It is known that alkalization of soil complicates mineral nutrition processes, inhibits the availability of several nutrients, causing serious deviations in the mineral composition of plants (Marschner, 2002). A prolonged influence of cement dust pollution results in serious changes in the functioning of the forest ecosystem. On the territory influenced by a cement plant alkalization may decrease the height growth and radial increment of trees as well as the length of shoots and needles (Rauk, 1995; Parn, 2002), but it may stimulate the proportion of heartwood and precocious maturation and ageing of the stand (Mandre et al., 2008). Our study showed that the deposition of great amounts of alkaline cement dust had resulted in changes in the pH and in the chemical composition of soil. A significant increase of the pH and the concentrations of Ca, Mg, K, and other dominant elements in dust were found. In alkaline soils with an increasing Ca concentration and pH and decreasing soil OM, the mobility of P is limited and its deficiency due to calcium phosphates of low solubility develops (Marschner, 2002). Deficiency of N in needles could be understood as N uptake limitation from soil. Both the total amount of soil N and its availability to plants are closely related to the OM content in soil (Marschner, 2002). The sharp decrease of N and C in soil may be a serious growth limiting factor for trees in the studied areas. Nitrogen recycling is of general interest and several factors may cause N decrease in alkalized soil. One of them may be microbiological activity. Nitrogen may have been lost by denitrification in relatively wet soils in the sample plot 2 km E. Therefore, loss of N through denitrification may be a possible explanation for N deficiency in the alkalized soil in the vicinity of the cement plant. Knowles (1981) concluded that the optimum pH for denitrification is 7.0-8.0. However, the results of Simek et al. (2002) suggest a broader range: 6.3-8.3. Paul & Clark (1996) found a very rapid increase of denitrification in the pH range of 7.5 to 8.2. Increasing activity of denitrifying bacteria at neutral pH of soil (Pritchett, 1979) and percentage of denitrifying bacteria near the cement plant (Mandre et al., 1986) were established. Some authors, on the contrary, argue that liming has no influence on N losses due to denitrification (Hellmann, 1993; Papke-Rothkamp, 1994).

[FIGURE 3 OMITTED]

On the other hand, at the sites with a high pH of soil an increased C/N ratio may occur due to mineralization, followed by N losses through leaching (Formanek & Vranova, 2003). On the contrary, at sites with calcareous subsoil with the pH 6.6-7.3 it was established that a low C/N ratio in litter facilitates N mineralization (Persson et al., 2000). Thus there is a large range of variability in critical C/N values. Within this range factors other than N content may be expected to regulate the mineralization-immobilization balance.

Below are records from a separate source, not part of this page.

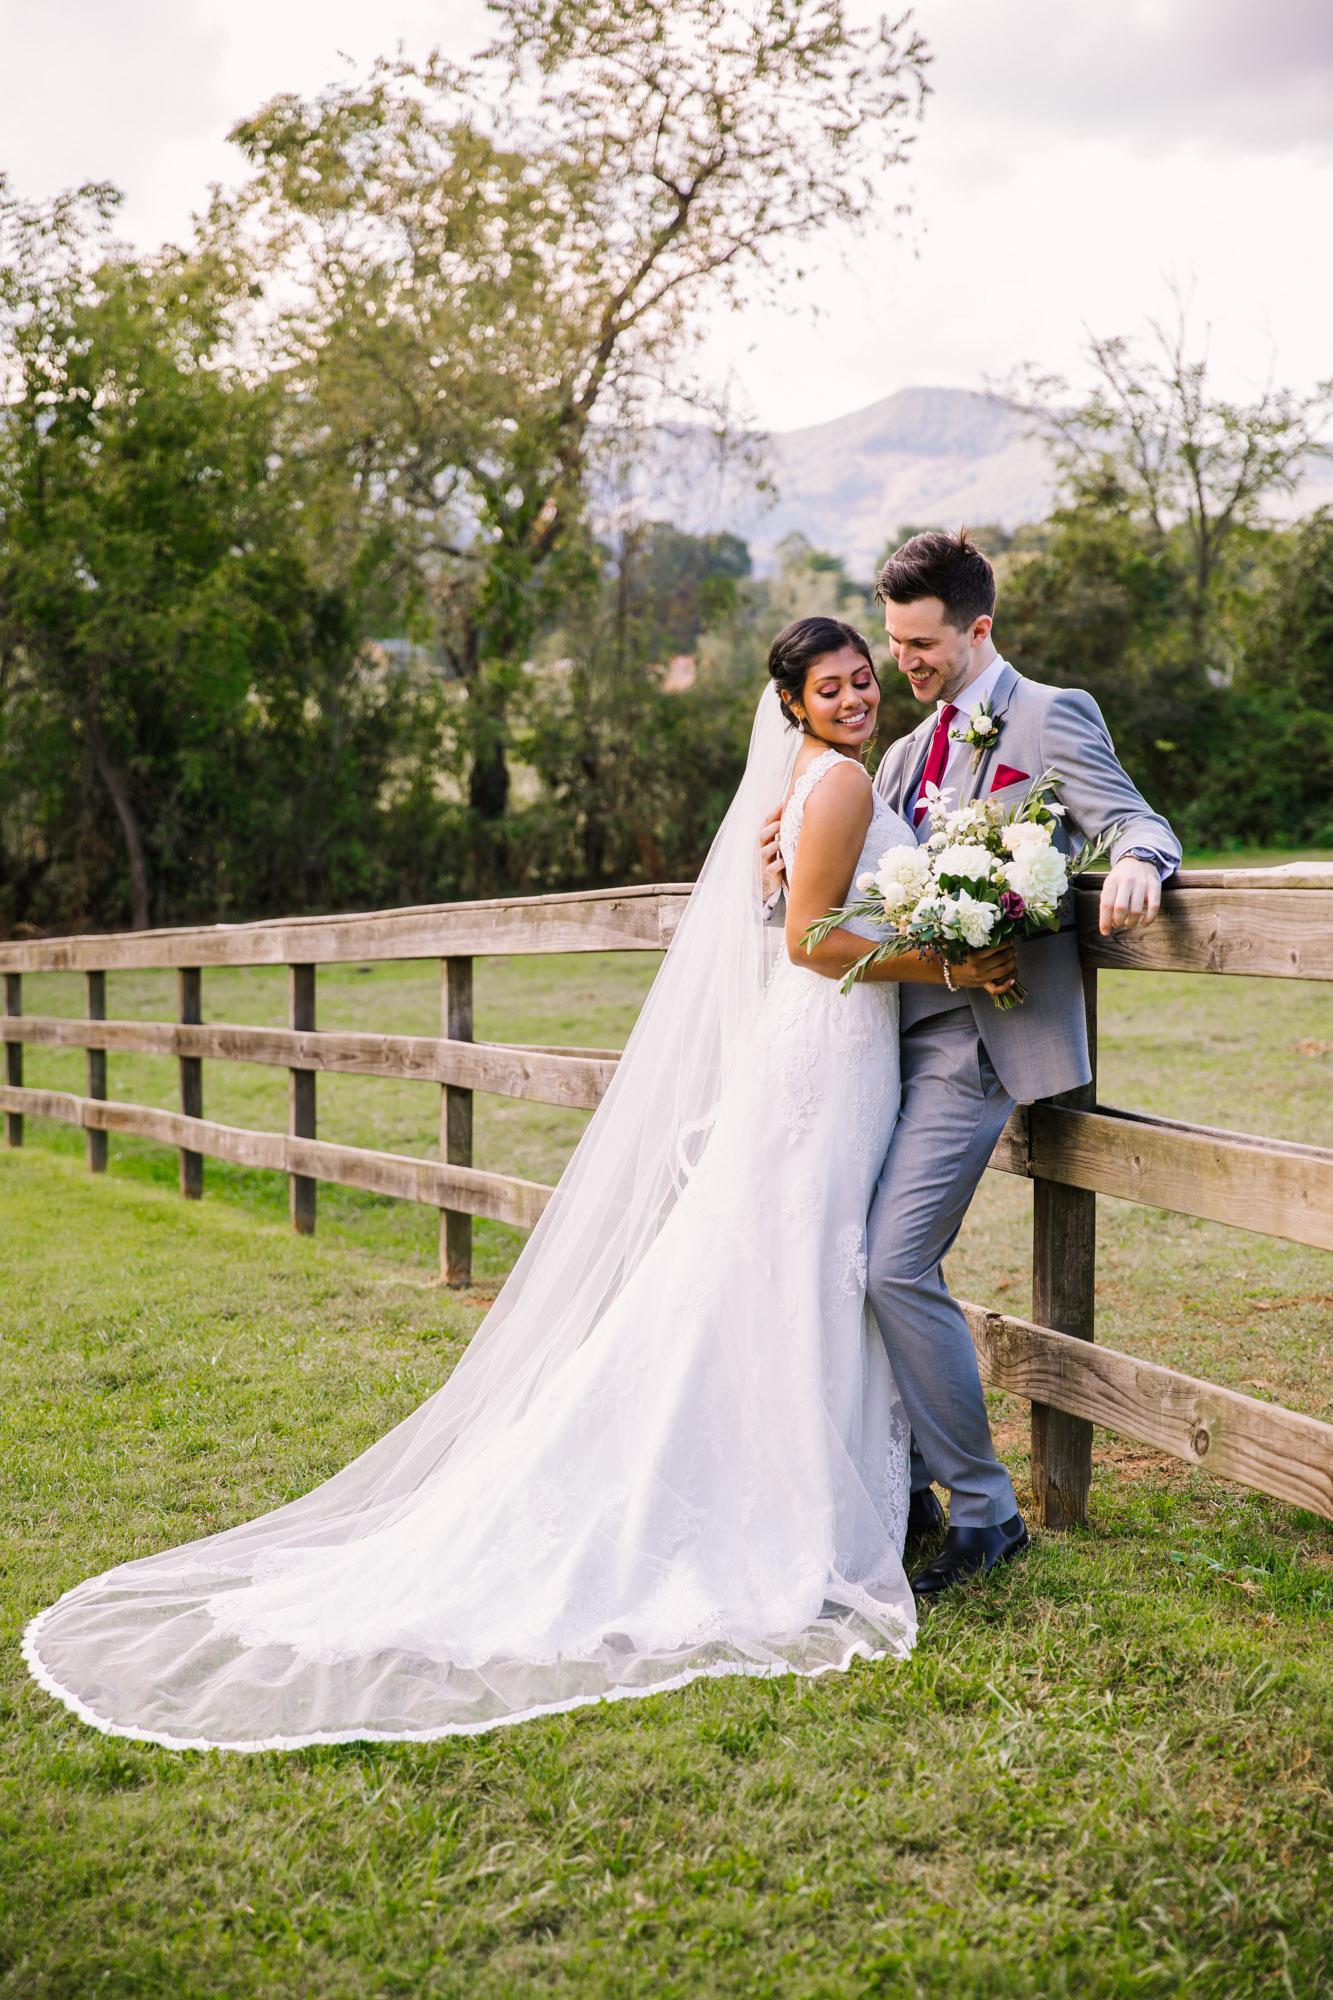 Waynesville NC Wedding Photography | Bride and Groom Portrait Full Body
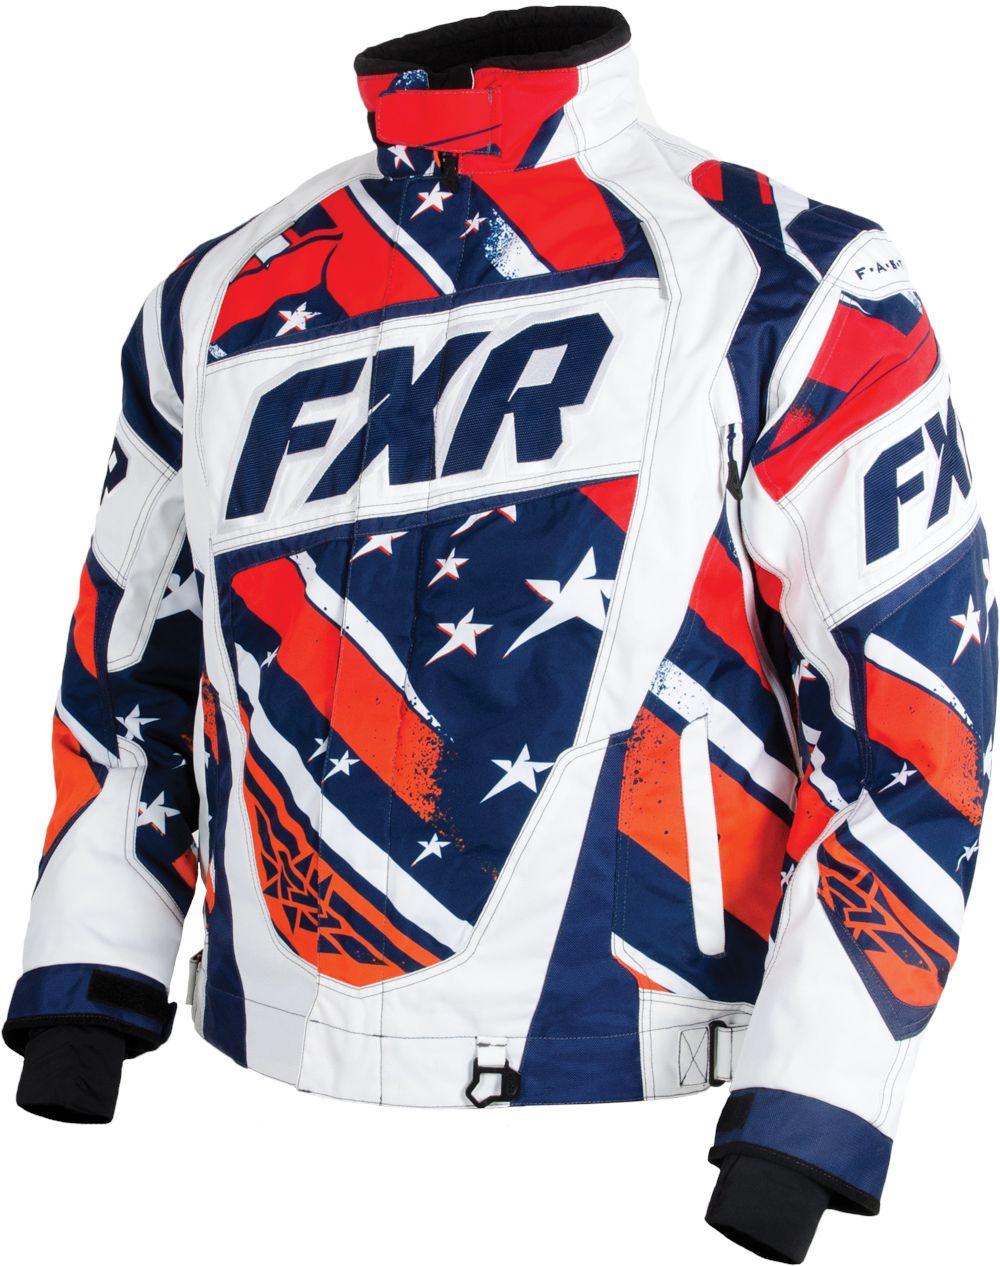 FXR Racing - 2015 Snowmobile Apparel - Men's Helix Jacket
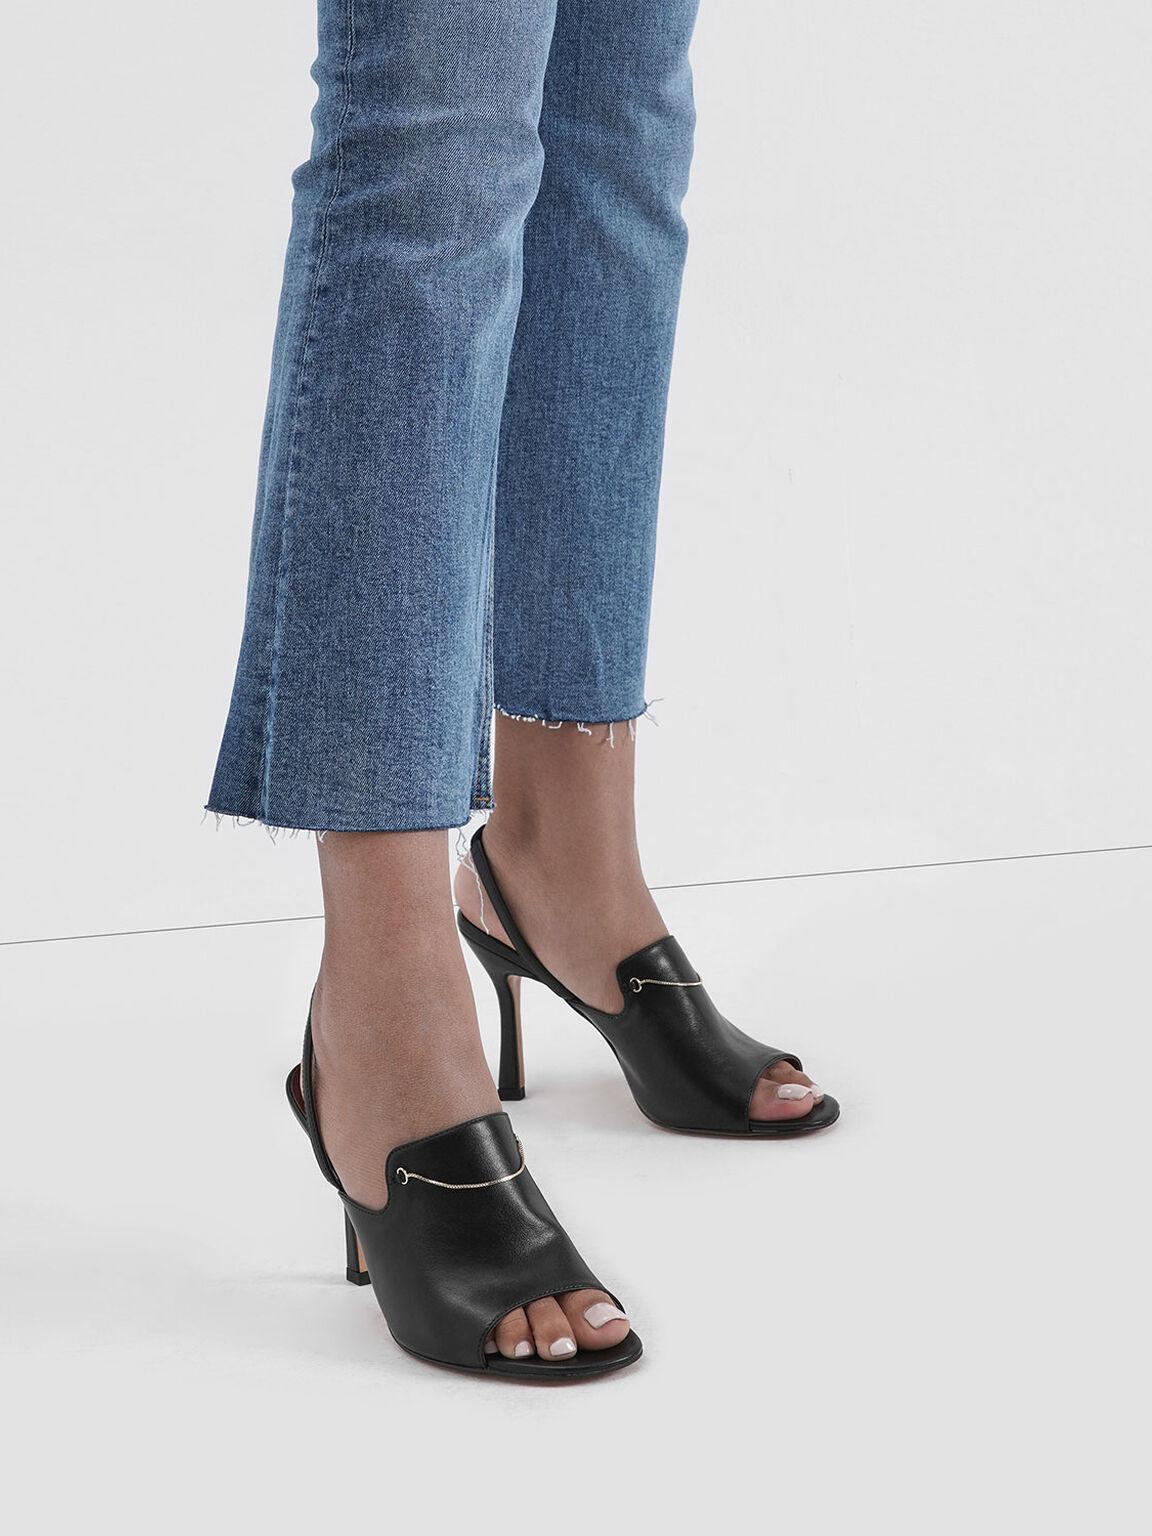 Chain Link Slingback Heels, Black, hi-res

Finally, the most important reason for such a low N concentration at the most polluted site is the very small amount of OM in its soil. What happened to the organic layer on the 2 km E site is another question and hard to explain presently. Possible reasons for it may be a higher decomposition rate due to the higher pH (Haynes, 1986; Gebauer et al., 2000) and a lower litter accumulation due to the lower growth rate of tree stands (Rauk, 1995; Ots, 2002).

Our study established a larger C/N ratio and substantially lower concentrations of N, C, and OM in the layer at 0-30 cm depth of soil in the vicinity of the cement plant than in the unpolluted area. Therefore in alkaline soil deficiency of N and Mn and excess of Ca, K, and Fe in Pinus sylvestris needles develops. Compared to the optimal concentrations of elements for pine suggested by Wehrmann (1963), Ingestad (1987), and Brakke & Salih (2002) our results showed two times lower N concentrations and 2-13 times higher Ca concentrations in the pine needles near the cement plant. The drastic shortage of Mn in needles may be explained by the fact that in alkaline soil [M.sup.2+] oxidizes into [Mn3.sup.+] and [Mn4.sup.+], which are difficult for plants to assimilate (Marschner, 2002). As Fe uptake from the alkalized growth substrate is difficult to plants, the increase of Fe in the needles may be explained by its intensive translocation from roots or its accumulation through the leaf cuticle from the dust deposited on needles. Earlier a 50% lower Fe concentration in roots and 3 to 5 times higher concentrations in stems, shoots, and needles were found for young Scots pines growing in the vicinity of a cement plant than in the unpolluted control area (Mandre et al., 1999), indicating translocation disturbances. Accumulation of nutrients through the cuticle was also verified by Finck (1982), who treated aboveground organs with a nutrient solution to provide a complementary supply of nutrients to plants. Although the concentrations of C and OM in soil were reduced by alkalization, the C concentration in needles of pines did not vary in different sample plots, but the C/N ratio decreased in the needle tissue.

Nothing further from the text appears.